# Merge DataFrames

When working with multiple datasets, you'll often have to join datasets to analyze data holistically. This template uses pandas' [`merge()`](https://pandas.pydata.org/docs/reference/api/pandas.merge.html) function to join two DataFrames on one or more columns. These are skills covered in DataCamp's [Joining Data with pandas](https://app.datacamp.com/learn/courses/joining-data-with-pandas) course if you want to learn more!

In [1]:
import pandas as pd

df1 = pd.read_csv("data/df1.csv")
df1.head()

Unnamed: 0,uid,reg_date,device,gender,country,age
0,54030035.0,2017-06-29,and,M,USA,19
1,72574201.0,2018-03-05,iOS,F,TUR,22
2,64187558.0,2016-02-07,iOS,M,USA,16
3,92513925.0,2017-05-25,and,M,BRA,41
4,99231338.0,2017-03-26,iOS,M,FRA,59


In [2]:
df2 = pd.read_csv("data/df2.csv")
df2.head()

Unnamed: 0,date,uid,sku,price
0,2017-07-10,41195147,sku_three_499,499
1,2017-07-15,41195147,sku_three_499,499
2,2017-11-12,41195147,sku_four_599,599
3,2017-09-26,91591874,sku_two_299,299
4,2017-12-01,91591874,sku_four_599,599


## Choose a merging strategy 

There are five types of joins available in pandas: inner, outer, cross, left, or right. You'll have to decide on the join type depending on your desired outcome. If you need a refresher on which to pick, check out chapter two of DataCamp's [Joining Data with pandas](https://app.datacamp.com/learn/courses/joining-data-with-pandas) course.
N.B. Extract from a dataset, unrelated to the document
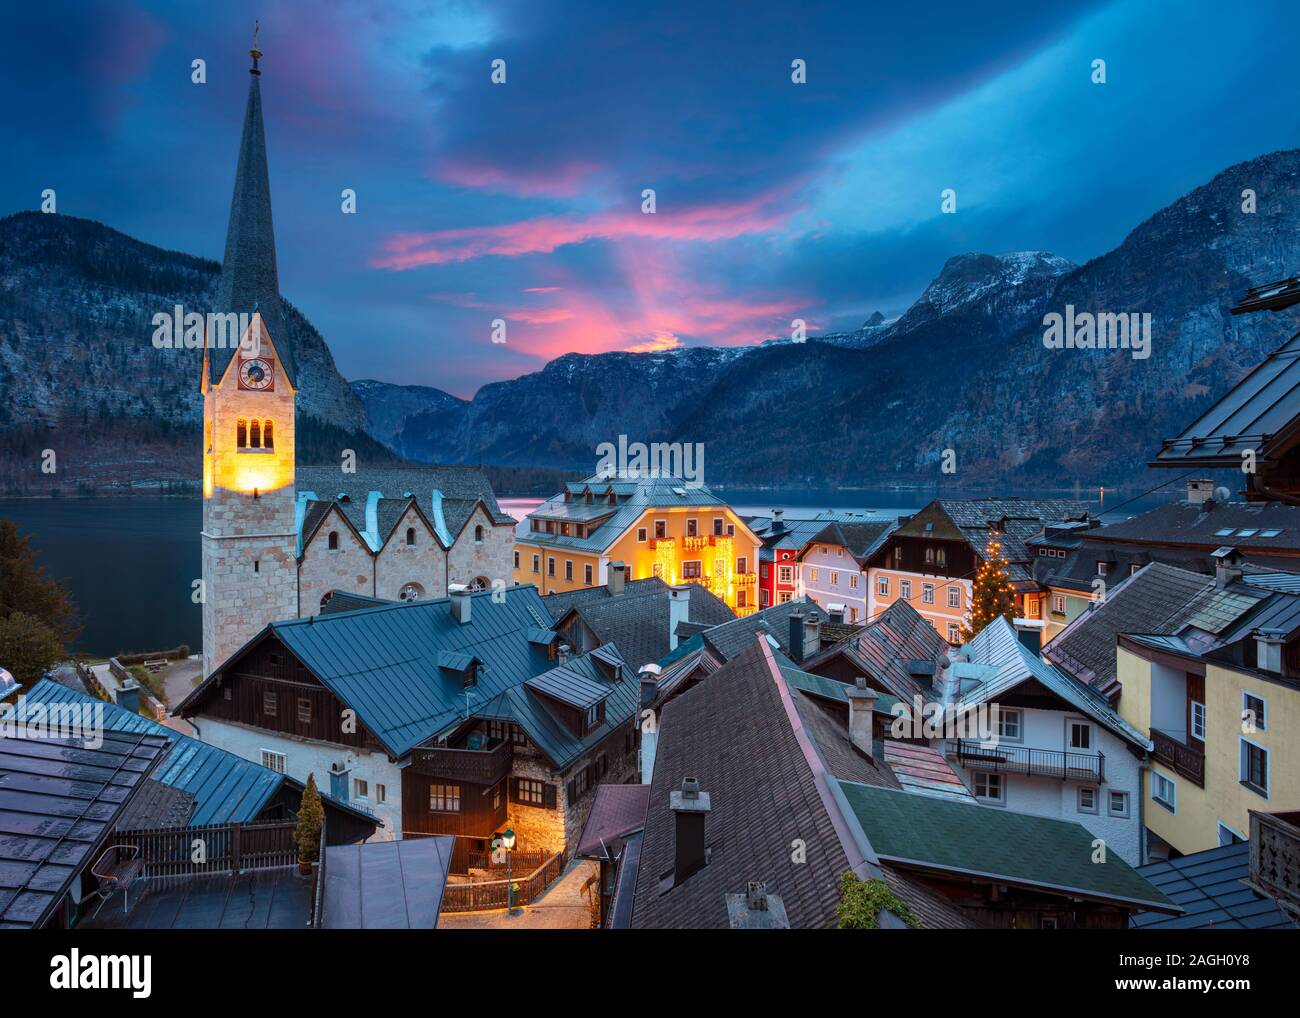 Hallstatt, Austria. Cityscape image of the famous alpine village Hallstatt, Austria during twilight blue hour. Stock Photo

### Joining on column(s) with the same name

The code below joins two DataFrames on columns sharing the same name in both DataFrames. 

In [3]:
join1 = pd.merge(
    left=df1,  # Specify DataFrame on the left to merge
    right=df2,  # Specify DataFrame on the right to merge
    how="left",  # Choose 'inner', 'outer', 'cross' 'left' or 'right'
    on=["uid"],  # List of column(s) to merge on (these must exist in both DataFrames)
    indicator=True,  # When true, adds “_merge” column with source of each row
)

print("Number of rows & columns:", join1.shape)
join1.head()

Number of rows & columns: (17684, 10)


Unnamed: 0,uid,reg_date,device,gender,country,age,date,sku,price,_merge
0,54030035.0,2017-06-29,and,M,USA,19,,,,left_only
1,72574201.0,2018-03-05,iOS,F,TUR,22,,,,left_only
2,64187558.0,2016-02-07,iOS,M,USA,16,,,,left_only
3,92513925.0,2017-05-25,and,M,BRA,41,2017-10-20,sku_three_499,499.0,both
4,92513925.0,2017-05-25,and,M,BRA,41,2017-05-29,sku_two_299,299.0,both


### Joining on column(s) with different names
The code below joins two DataFrames on columns that may not share the same column names in both DataFrames. 

In [4]:
join2 = pd.merge(
    left=df1,  # Specify DataFrame on the left to merge
    right=df2,  # Specify DataFrame on the right to merge
    how="inner",  # Choose 'inner', 'outer', 'cross' 'left' or 'right'
    left_on=["reg_date", "uid"],  # List of column(s) to merge on in the left DataFrame
    right_on=["date", "uid"],  # List of column(s) to merge on in the right DataFrame
    indicator=True,  # When true, adds “_merge” column with source of each row
)

print("Number of rows & columns:", join2.shape)
join2.head()

Number of rows & columns: (35, 10)


Unnamed: 0,uid,reg_date,device,gender,country,age,date,sku,price,_merge
0,61015529.0,2017-05-13,iOS,M,TUR,22,2017-05-13,sku_four_599,599,both
1,87948327.0,2016-06-11,iOS,F,TUR,15,2016-06-11,sku_one_199,199,both
2,69359991.0,2016-07-05,and,F,DEU,28,2016-07-05,sku_three_499,499,both
3,20320232.0,2018-03-16,and,F,USA,27,2018-03-16,sku_three_499,499,both
4,16501352.0,2017-04-21,and,F,TUR,15,2017-04-21,sku_three_499,499,both


For more information on arguments and output options, visit pandas' [`merge()`](https://pandas.pydata.org/docs/reference/api/pandas.merge.html) documentation.

If you're struggling to understand the different join types, it may be helpful to experiment with different values for the `how` and `on` arguments of the `merge()` function. The `_merge` column enabled by `indicator=True` is also useful for interpreting the resulting DataFrame, specifically why a row is included in the output.